All of the data below should be printed again exactly, pictures excluded.

§ **Material provided**:
--------------------------------------------------

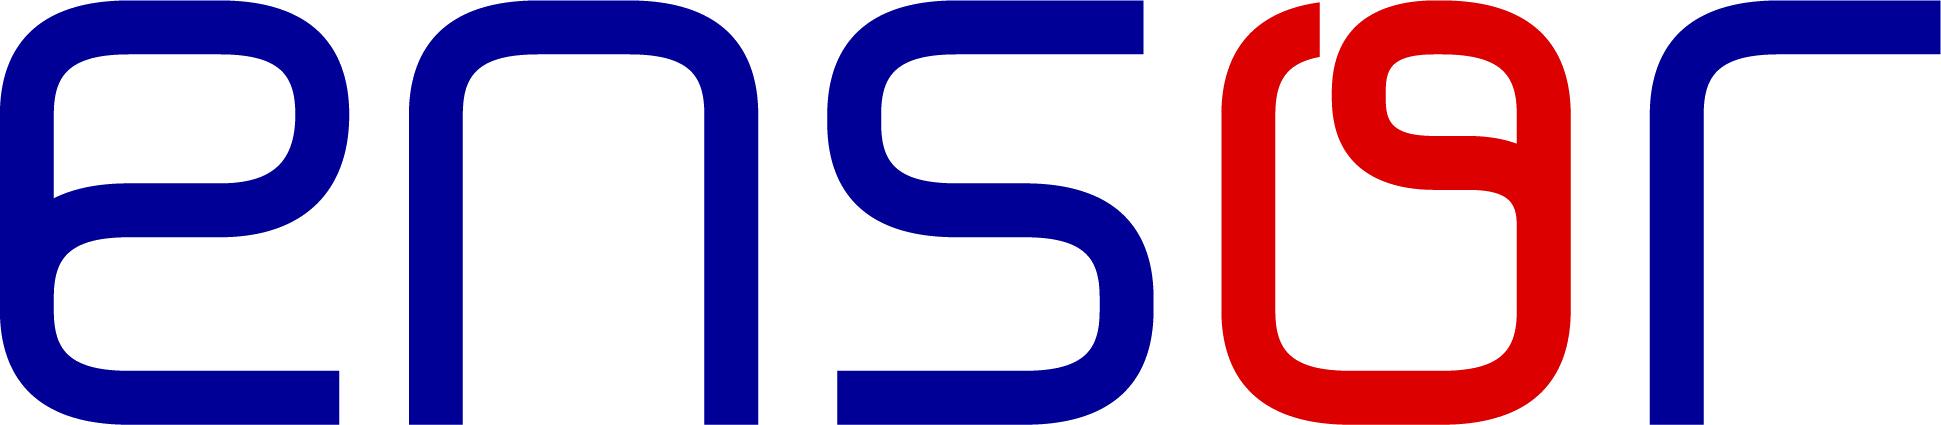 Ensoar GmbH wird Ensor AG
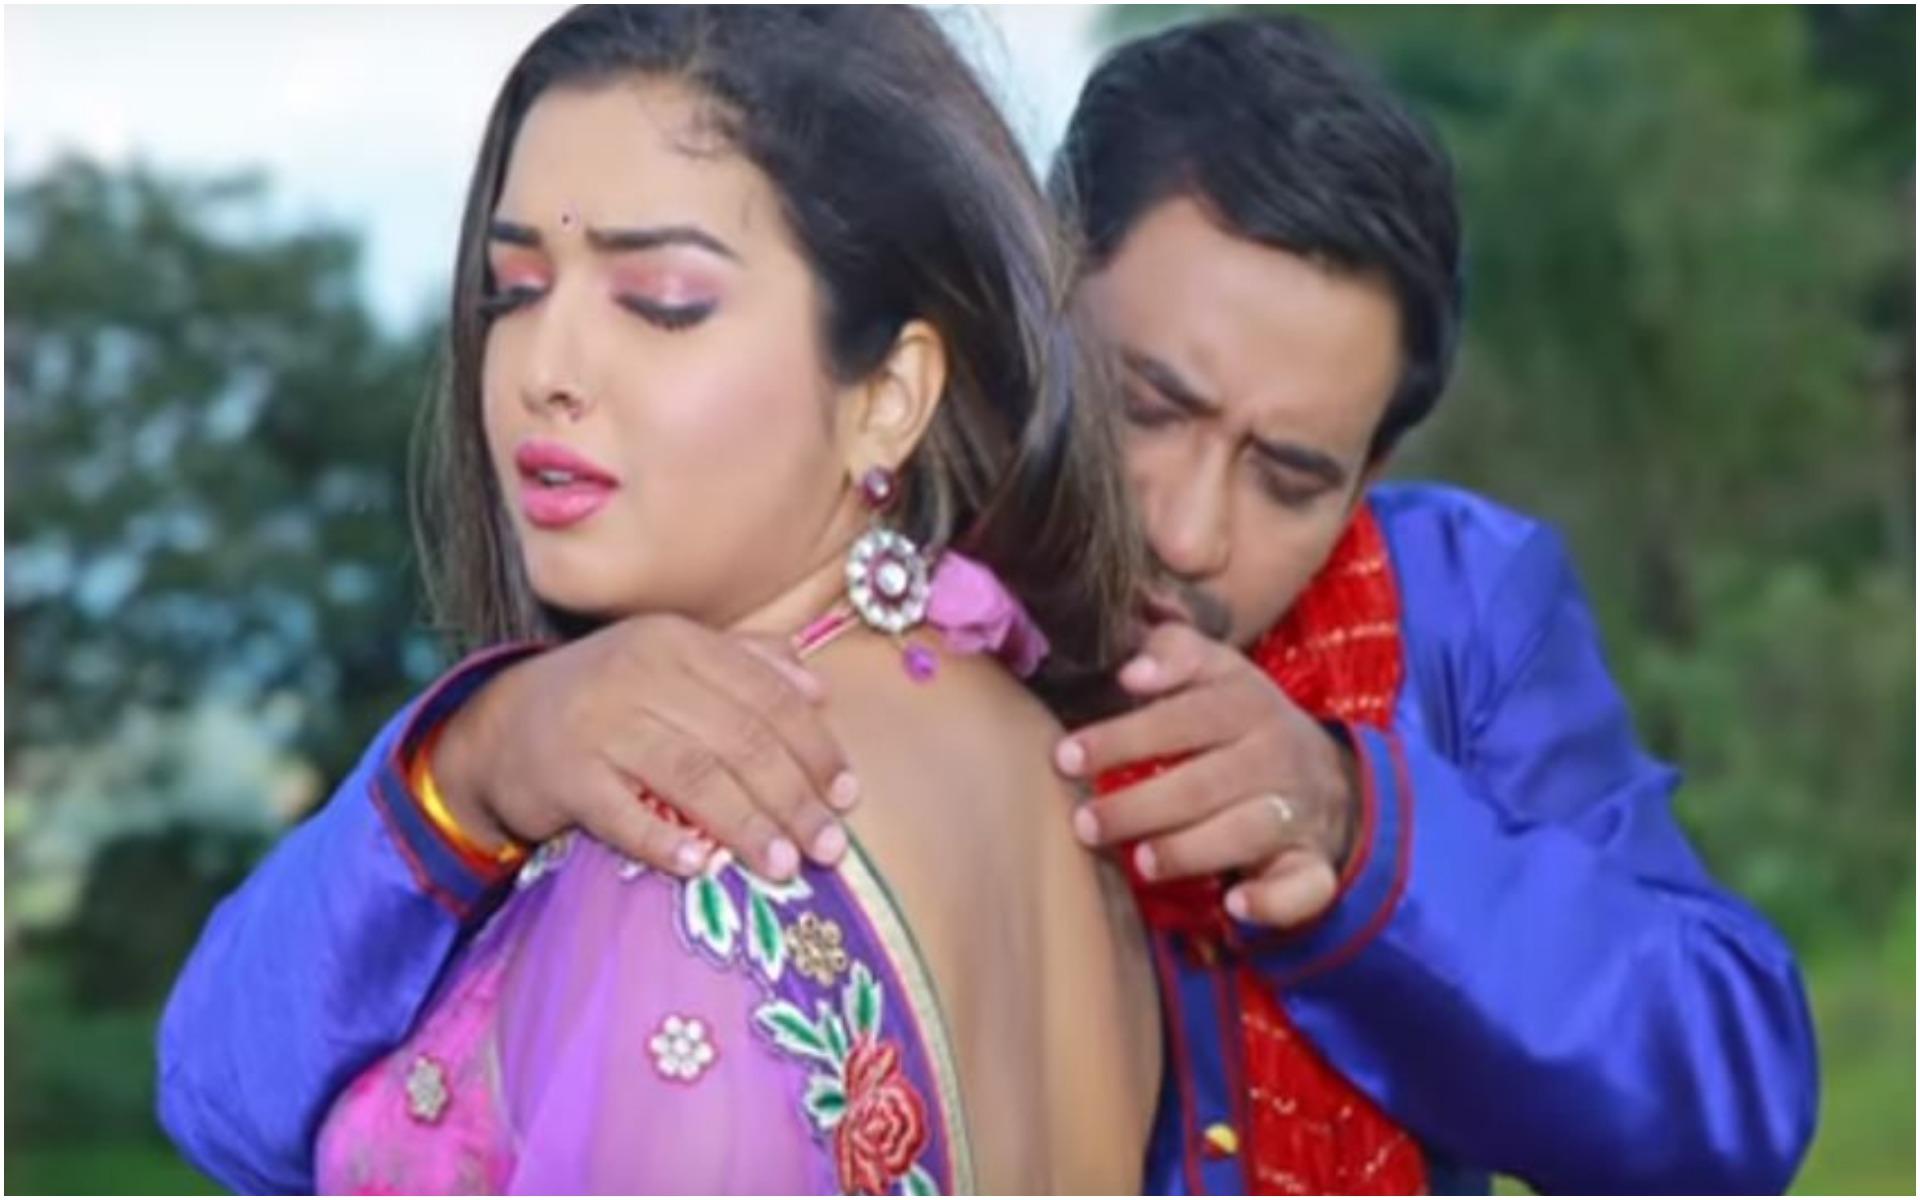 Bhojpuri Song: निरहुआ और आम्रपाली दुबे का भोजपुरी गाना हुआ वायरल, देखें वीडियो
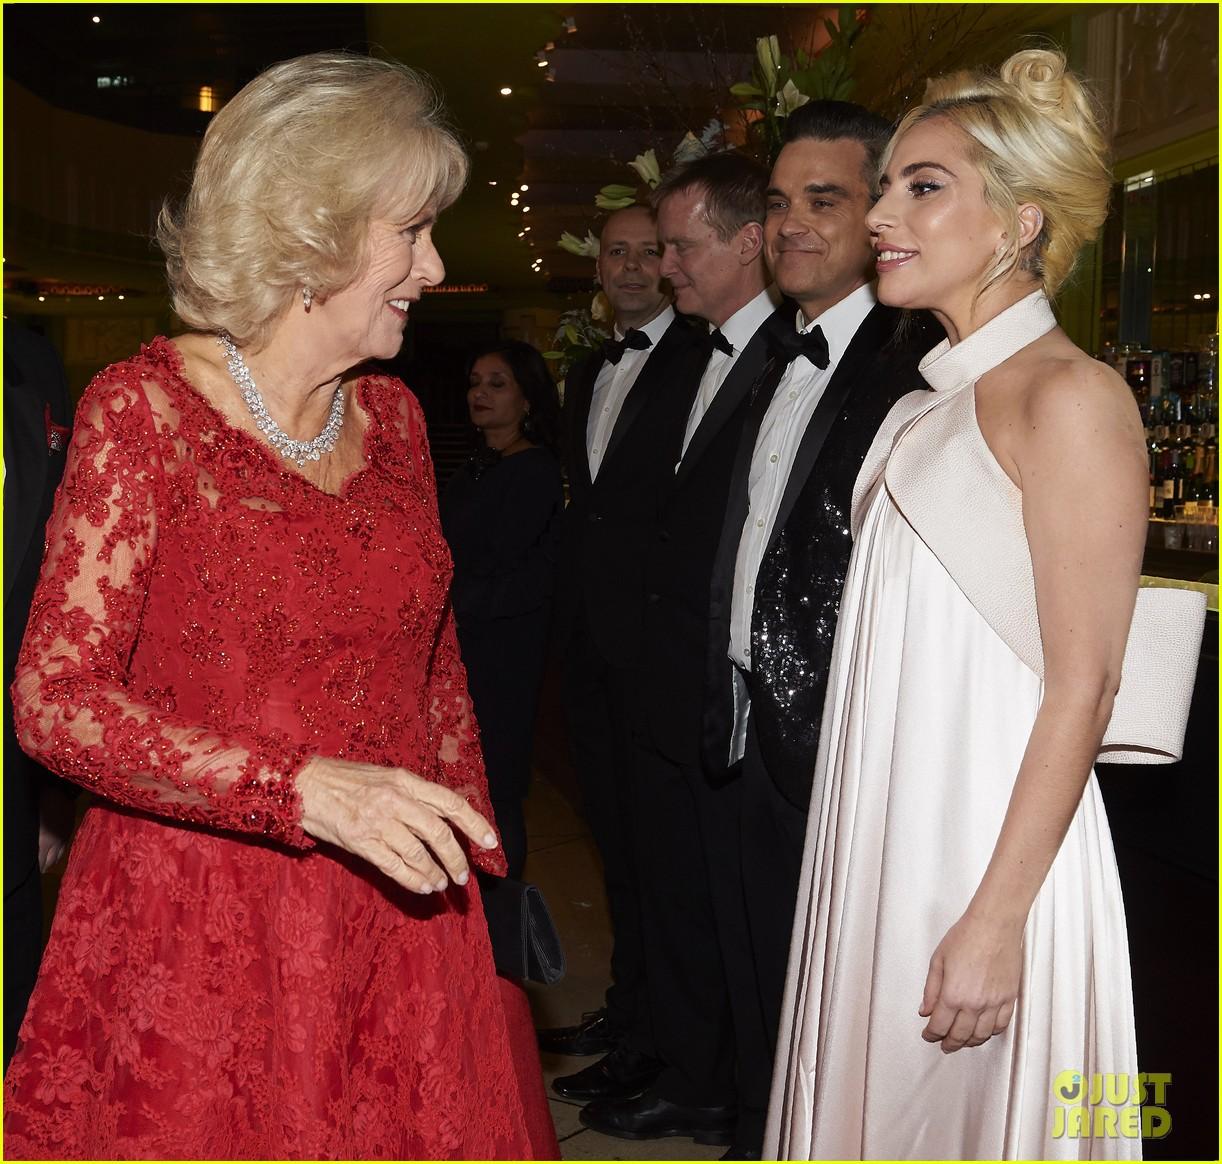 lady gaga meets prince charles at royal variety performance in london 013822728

--------------------------------------------------

§ **Written response**:
 Ensoar GmbH wird Ensor AG
 Bhojpuri Song: निरहुआ और आम्रपाली दुबे का भोजपुरी गाना हुआ वायरल, देखें वीडियो
 lady gaga meets prince charles at royal variety performance in london 013822728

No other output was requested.